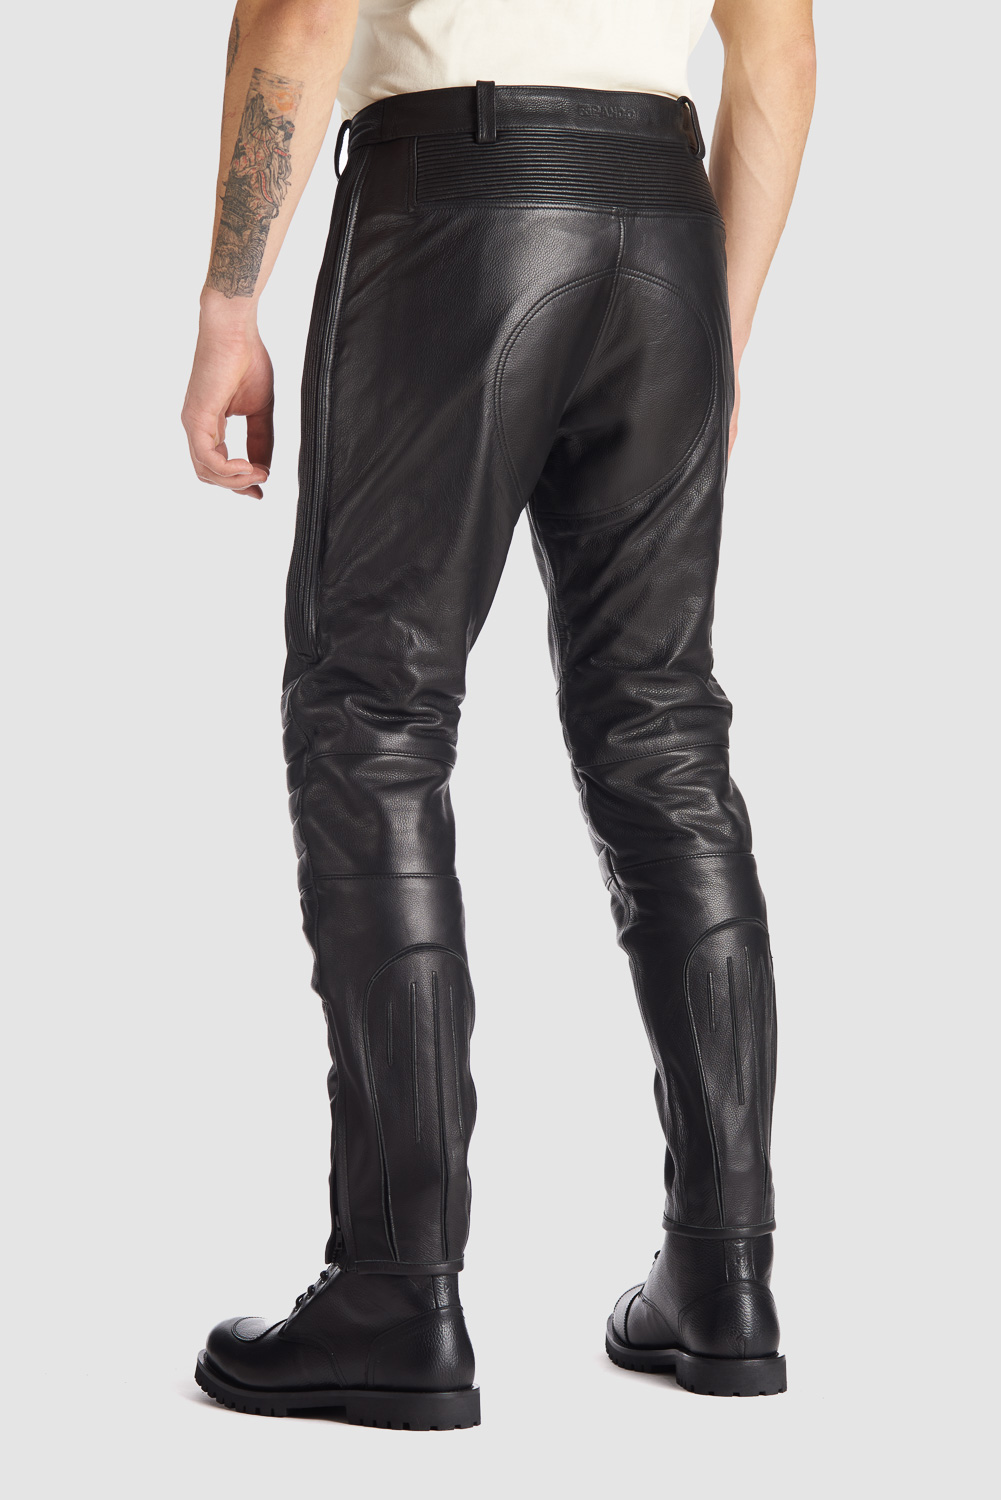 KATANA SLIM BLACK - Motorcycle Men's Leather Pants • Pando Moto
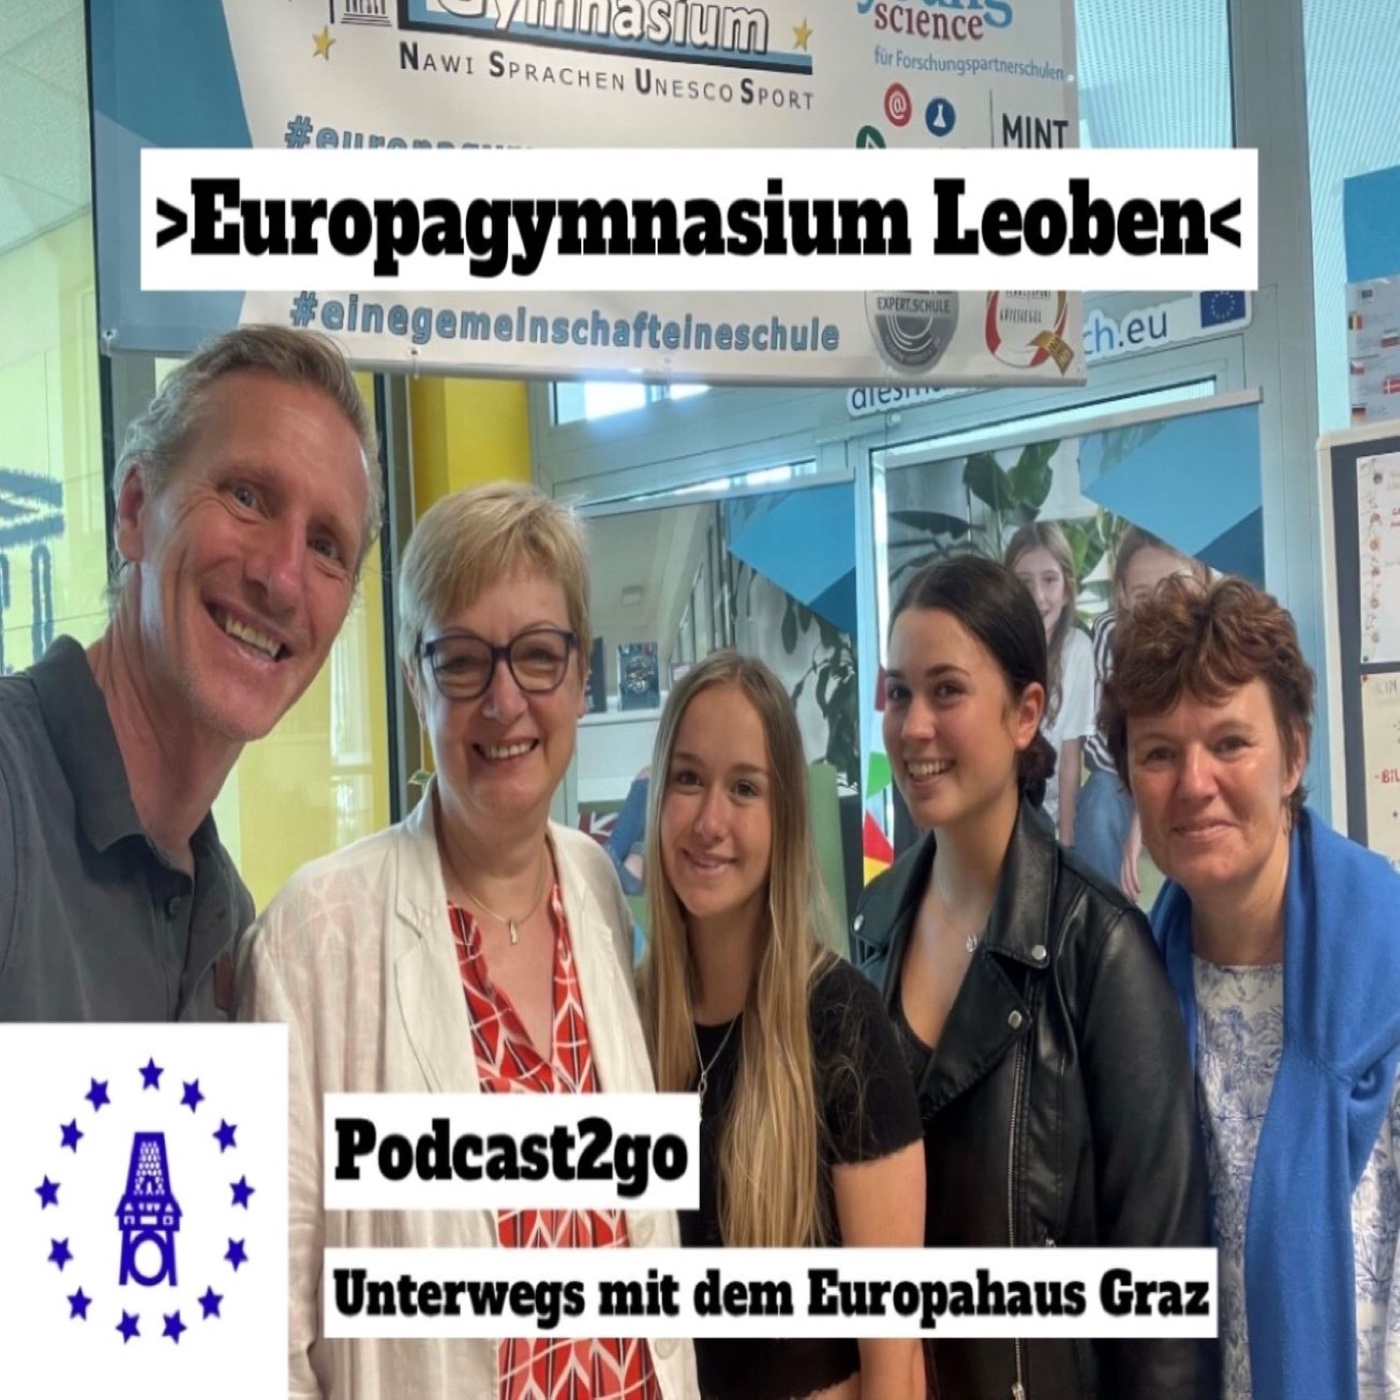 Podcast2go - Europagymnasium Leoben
^^^^^^^^^^^^^^^^
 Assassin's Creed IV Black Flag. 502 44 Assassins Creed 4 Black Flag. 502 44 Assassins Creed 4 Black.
^^^^^^^^^^^^^^^^
* [Problem requirements]: Output only the lines above from the line that holds "KATANA SLIM BLACK" through the line that holds "Podcast2go - Europagymnasium Leoben", both ends included, and exclude pictures.

* [Your solution]:
 KATANA SLIM BLACK - Motorcycle Men's Leather Pants • Pando Moto
 Podcast2go - Europagymnasium Leoben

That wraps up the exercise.